Even as approached the villages we saw the tiny cultivated fields, with crops of potatoes, maize, tomatoes and oats and wheat. Inside the fertile valleys were orchards of cherry, walnut and apple. Young children were herding goats or walking to school, women were carrying heavy bundles of fodder cut in the fields for that cattle, men were tilling the fields. If we saw an enormous tipper lorry carrying about forty workers returning to their villages. Piece by piece the original Berber life-style is beginning to change as tracks are widened and become passable to trucks, holes have decided for electricity pylons plus more villages are attached to a mains supply.
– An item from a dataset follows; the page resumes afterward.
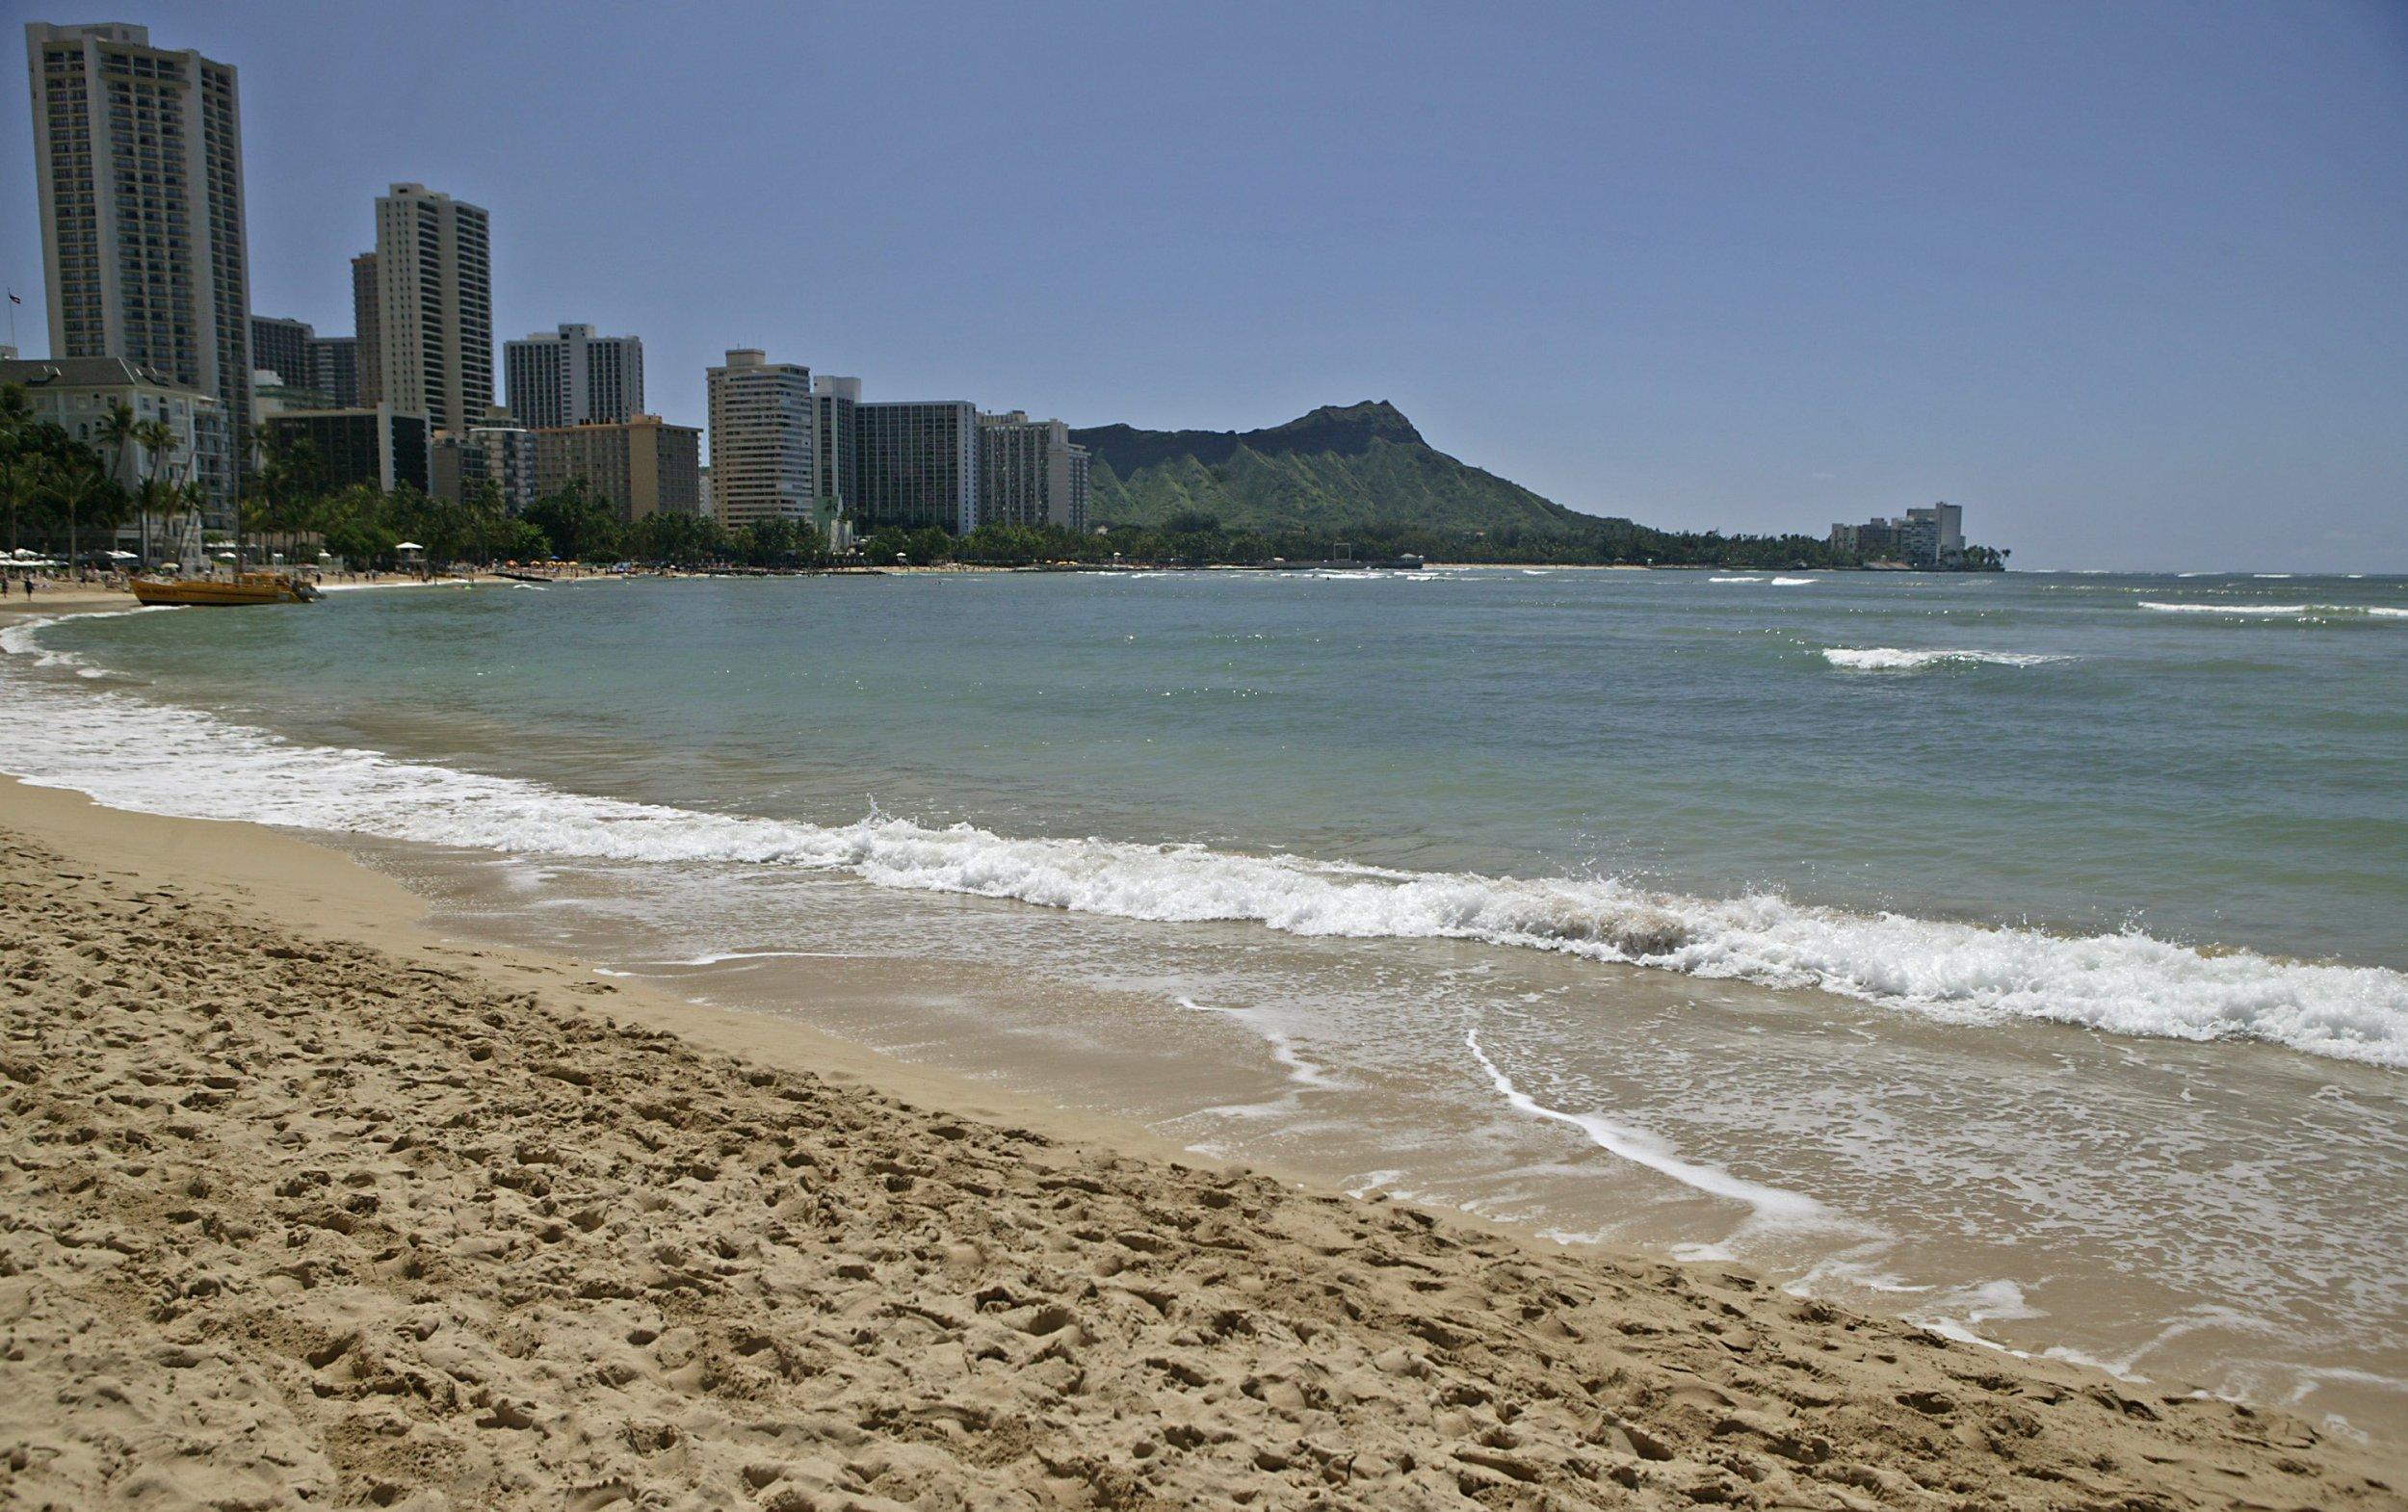 Hawaii Nudist Resort at Center of Sex Crimes Investigation

But June is still the time of the transhumance for many out in the wild, the moving up of whole villages from the valleys to the high summer pastures. We saw empty villages being gotten ready for summer occupation. These were flanked by mountain pastures and extensive, old networks of irrigation ditches. One shepherd we met wondered where all others was: he had apparently tripped per week roughly too soon and was now being forced to return along the valley!
We carried only day packs so when we knew we'd get closer the mules again at lunchtime, we carried only essential items: water (purified stream water), snacks (brought along with us from England) and extra clothing as it can be snowy at altitude. Walking poles are very useful and good boots essential for certainly not a day trek from Imlil. The walking is not so difficult and Jamal ensured that individuals maintained a leisurely pace, allowing the required time for stops, photo opportunities and scenery gazing. He also took pride and pleasure in trying to explain to us the Berber life-style. We learned a lot about their language, culture, religion, agriculture, family life - and mules! Additionally we learned that the indigenous fauna with the area includes foxes, rabbits, wild goats and squirrel, but were assured it is freezing for snakes and scorpions - a minimum of when we are there!
Many of us suffered to varying degrees with altitude sickness through the first few days. We were glad that by the time we reached the Toubkal refuge there were acclimatised, helped by almost daily climbs over passes of more than 3000m and also by camping at altitude. In the refuge we met another party of walkers who had walked up from Imlil in a day, a height gain around 1500m. They weren't experienced or very fit and were battling with sore feet and altitude sickness. They intended to climb Toubkal these morning, but because we discovered, they weren't fit or good enough together to descend.